# 9.3. Stability of polynomial interpolation¶

With barycentric interpolation available in the form of Function 9.2.3, we can explore polynomial interpolation using a numerically stable algorithm. Any remaining sensitivity to error is due to the conditioning of the interpolation process itself.

Demo 9.3.1

We choose a function over the interval $$[0,1]$$.

f = x -> sin(exp(2*x));


Here is a graph of $$f$$ and its polynomial interpolant using seven equally spaced nodes.

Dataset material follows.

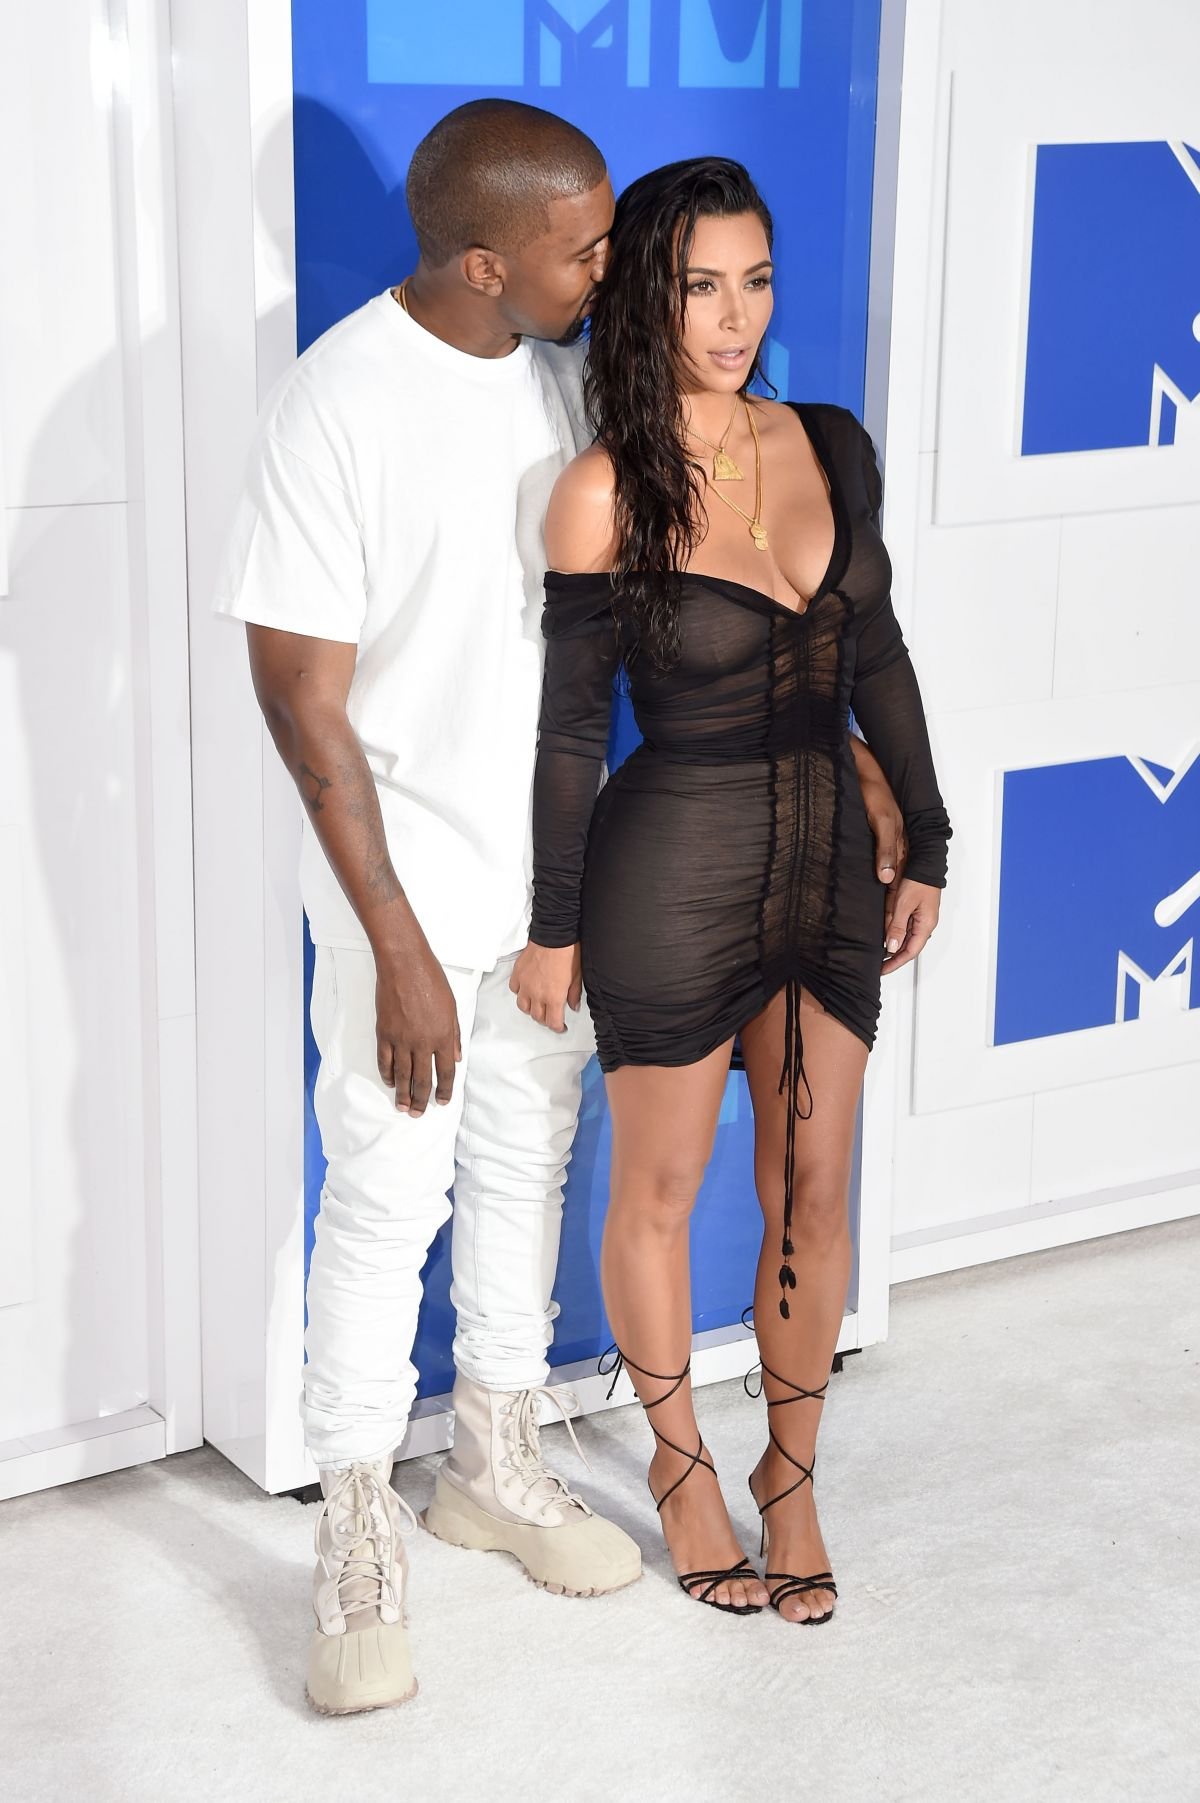 Ким Кардашьян выбрала очень откровенный наряд для MTV Video Music Awards 2016

plot(f,0,1,label="function",legend=:bottomleft)
t = (0:6)/6
y = f.(t)
scatter!(t,y,label="nodes")

p = FNC.polyinterp(t,y)
plot!(p,0,1,label="interpolant",title="Equispaced interpolant, n=6")


This looks pretty good. We want to track the behavior of the error as $$n$$ increases. We will estimate the error in the continuous interpolant by sampling it at a large number of points and taking the max-norm.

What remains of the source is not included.